If x^2 + 9/x^2 = 31, what is the value of x - 3/x?

option D.

To find : x-3/x. Let it be t.
=> x-3/x = t
=> (x^2 + 9/x^2) - 2*x*3/x = t^2 (Squaring both sides).
=> (31) - 2*3 = 25
=> t^2 = 25. Thus t=5 or t=-5.

=> option D.

Dont get this part

- 2*x*3/x

Have just used the formula (a-b)^2 = a^2 + b^2 - 2*a*b.
Here a is x and b is 3/x.

Consider Kudos if this helps.

Hi ritikk,

if x-3/x is squared then resultant equation after substitution will be 31 - (6/x). How do you arrive at 5 from this when x is still present?

very nice question but needs smart eyes to catch the idea.
Are there any alternate approach ?

Bunuel thanks a lot. The misunderstanding is due to the font type not sure if it was x-3 the whole term by x or just x minus 3/x. That issue with members posting can solve the issue i think any way out or any suggestion like you have typed now appropriately? Bunuel

Mathematically x - 3/x can only mean x minus 3/x. If it were x-3 over x it would e written as (x - 3)/x.

Let’s square x - 3/x first:

(x - 3/x)^2 = x^2 - 6 + 9/x^2

Since x^2 + 9/x^2 = 31, we have x^2 - 6 + 9/x^2 = 31 - 6 = 25.

So, (x - 3/x)^2 = 25 and:

x - 3/x = ±5

We see that only 5 is among the answer choices.

Answer: D

Hey pushpitkc,

can you shed some light on the solution above ..i dont get the steps (highlighted) after this "Since x^2 + 9/x^2 = 31"

many thanks

dave13

You can convert any a^2+b^2 to a^2+b^2-2ab+2ab=(a-b)^2+2ab
x^4 + 9/x^2 = x^4 + 9/x^2 - 2*(x^2 *3/x^2) + 2*(x^2 *3/x^2)

Hey dave13

We are given \(x^2 + \frac{9}{x^2} = 31\) in the queston stem -> Lets call this equation (1)
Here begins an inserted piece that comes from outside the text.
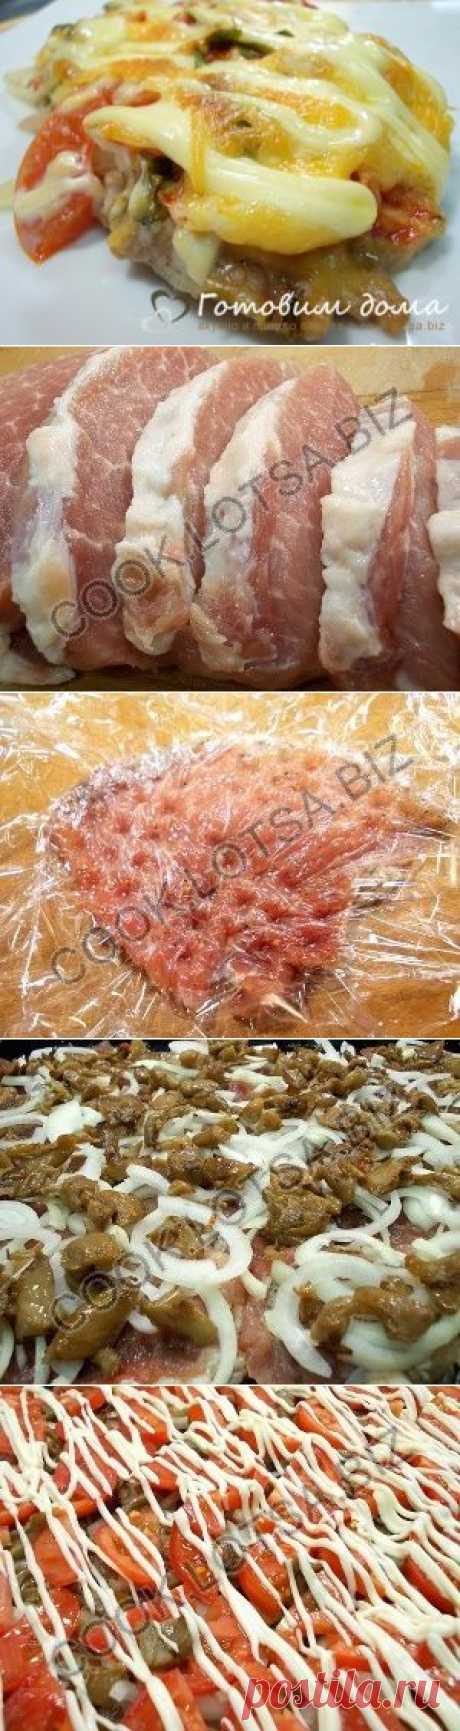 Мясо по-французски с грибами готовим дома рецепт с фото

Once, we have squared the equation, \((x - \frac{3}{x})^2\) to get \(x^2 - 6 + \frac{9}{x^2}\)

After re-arranging \((x - \frac{3}{x})^2 = x^2 + \frac{9}{x^2} - 6 = 31 - 6 = 25\) [from equation (1)]

Now, \((x - \frac{3}{x})^2 = 25\) -> \((x - \frac{3}{x}) = \sqrt{25} = +5\) or \(-5\)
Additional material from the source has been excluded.